TASK TO COMPLETE: Quote word for word from the line holding "2 PACK LOT Jordana" to the last line below, including both, and omit any pictures.

DATA BLOCK:
--- START ---
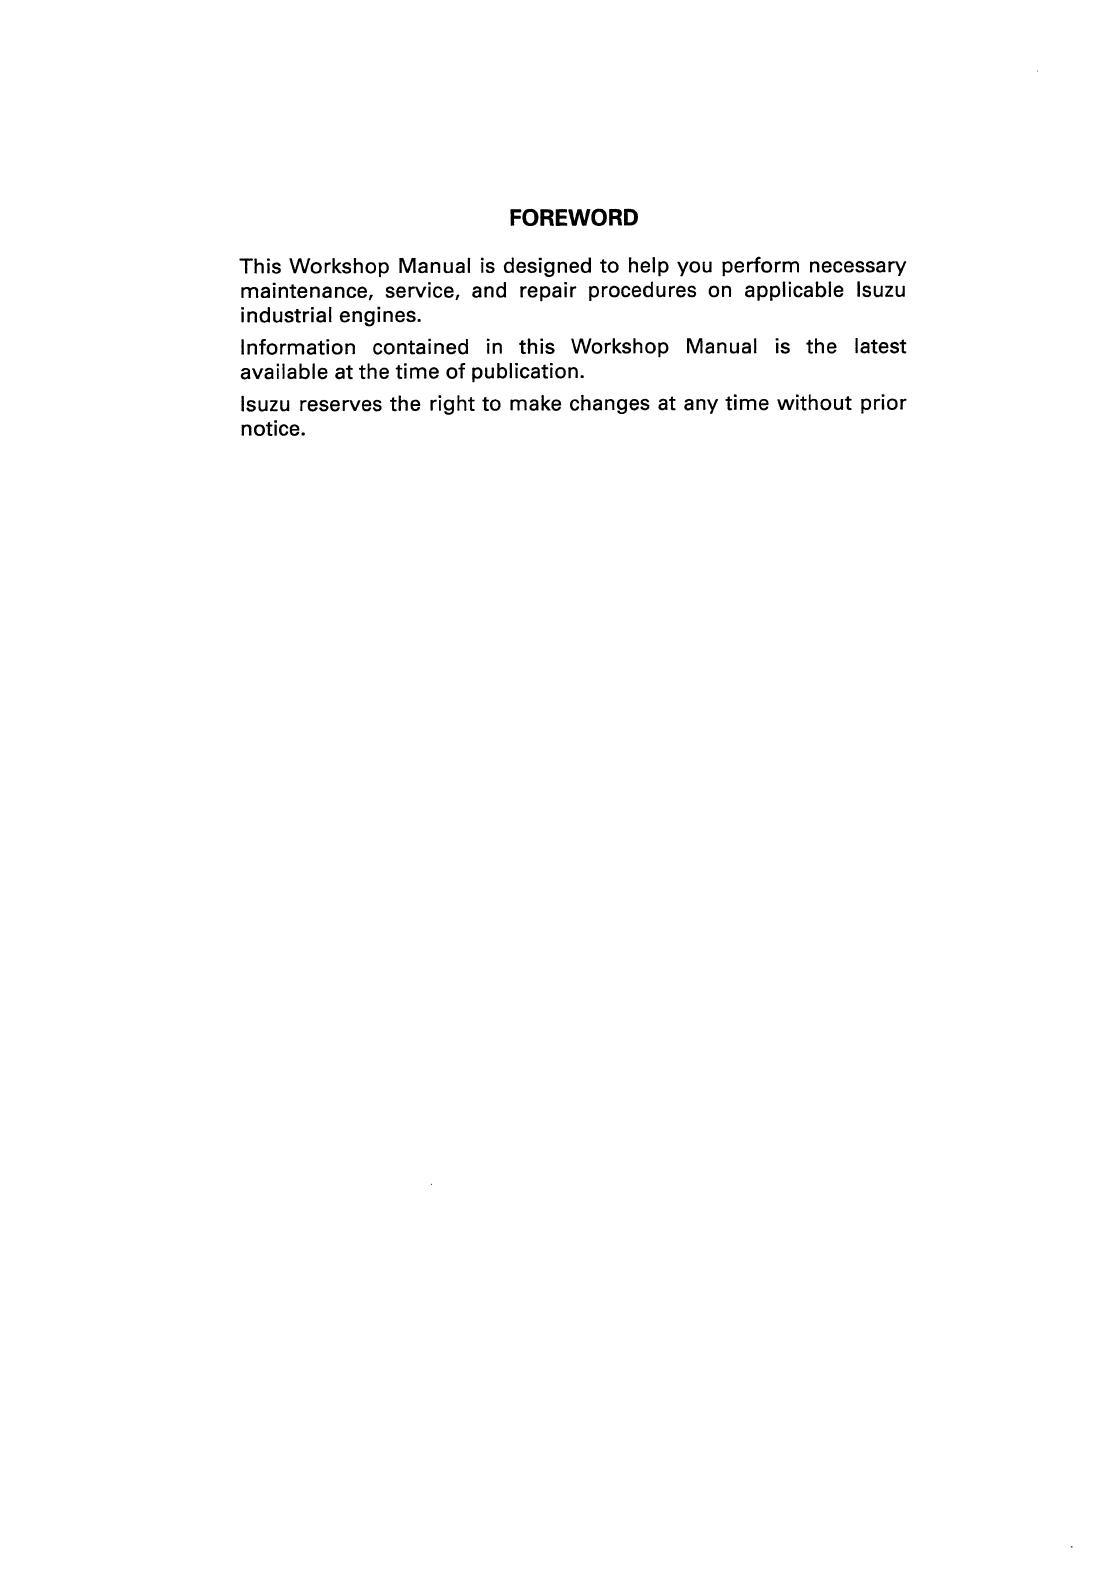 981 0525 Onan Hdcaa Hdcab Hdcac Hdcad Spec A D Isuzu 3la1 3lb1 Engine Diagram 0981 Impplanname Outputdate Outputtime Cyan Magenta
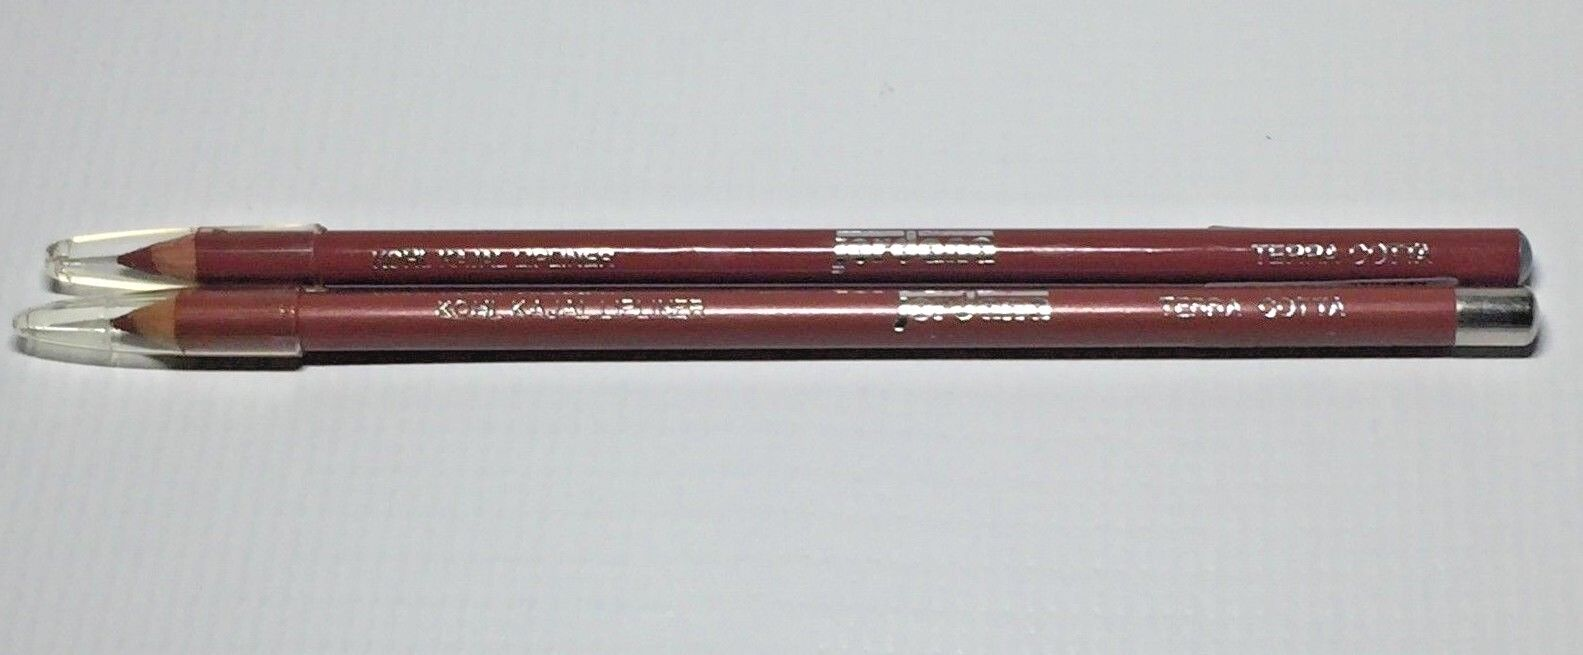 2 PACK LOT Jordana Kohl Kajal Lip Liner pencil .048 Oz TERRA
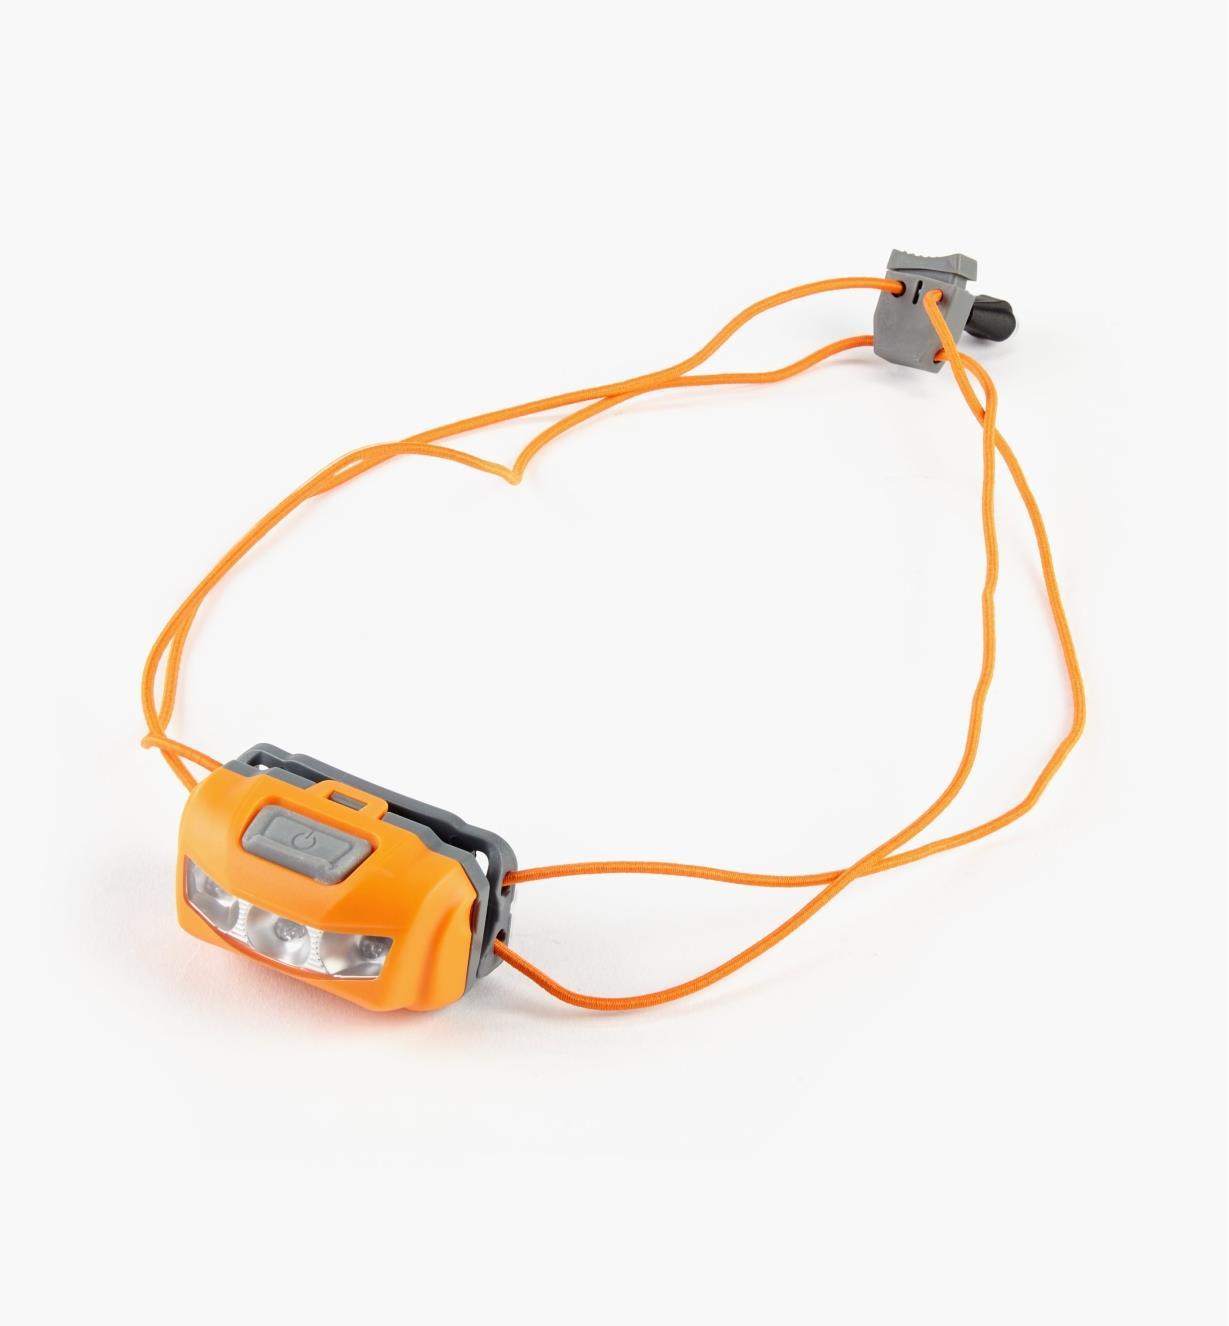 99W8654 - UST LED Headlamp
--- END ---
EXERCISE ANSWER:
 2 PACK LOT Jordana Kohl Kajal Lip Liner pencil .048 Oz TERRA
 99W8654 - UST LED Headlamp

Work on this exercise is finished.